The Art as the Servant of Nature
Alchemists often depict Art (the alchemist’s work) as the dutiful servant or apprentice of Nature. As Michael Maier wrote in Atalanta Fugiens: “Art, therefore, and Nature do mutually join hands… Nevertheless, Nature is always the Mistress and art the Handmaid.” – Michael Maier, Atalanta Fugiens (1618)
Art Imitates Nature
Alchemists believed that Art (human skill) should imitate and assist Nature, not try to dominate it.
An oft-cited maxim declares: “Art imitates Nature”.

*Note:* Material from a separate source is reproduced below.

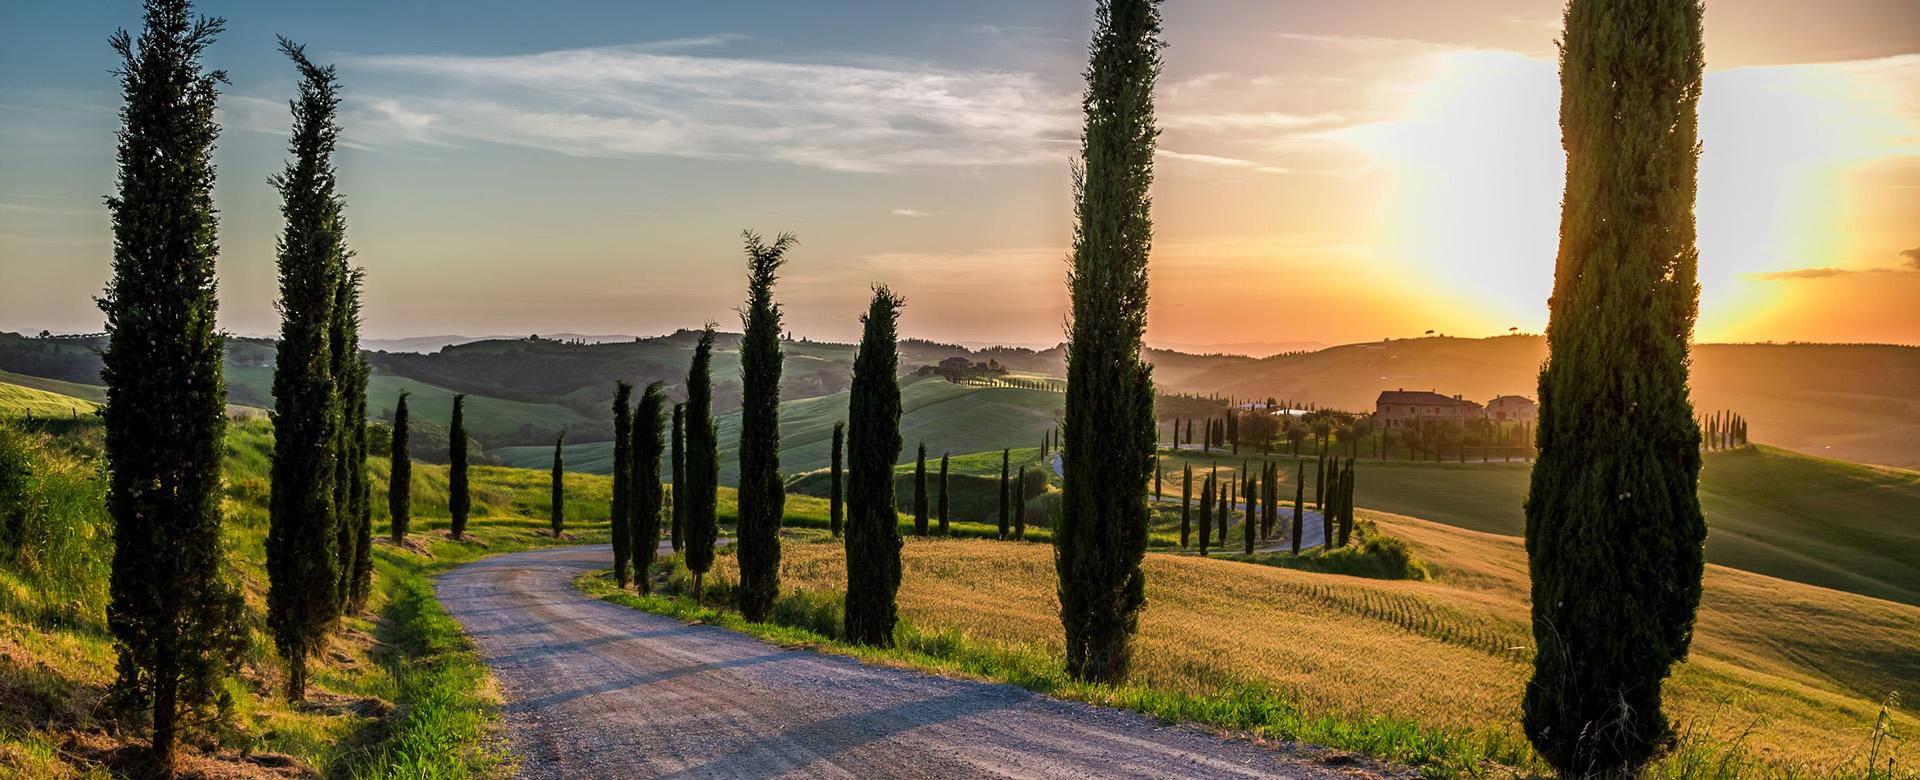 Autonoleggio Toscana Val d'Orcia

In the Philosophers’ poem on the Azoth (attributed to Basil Valentine), this principle is made explicit: “Art, imitating Nature, accomplishes the whole work, by the same practice, and the same material.” – Basil Valentine
Art holds a mirror up to nature
"Nature comprehends the visible and invisible Creatures of the Whole universe. What we call Nature especially, is the universal fire or Anima Mundi, filling the whole system of the Universe, and therefore is a Universal Agent, omnipresent, and endowed with an unerring instinct, and manifests itself in fire and Light. It is the First creature of Divine Omnipotence."
— Golden Chain of Homer
"Know nature, universally, and particularly; from the book of the most holy Scripture: Of the nature itself, which is, and the greater world, the whole: and the lesser world, this is man, for example, according to both his body and his spirit."
— The Amphitheater of Eternal Wisdom, c. 1595 by Heinrich Khunrath
"Nature, being the Universe, is one, and its origin can only be one eternal Unity.
It is an organism in which all natural things harmonize and sympathize with each other. It is the Macrocosm.
Everything is the product of one universal creative effort; the Macrocosm and man (the Microcosm) are one. They are one constellation, one influence, one breath, one harmony, one time, one metal, one fruit."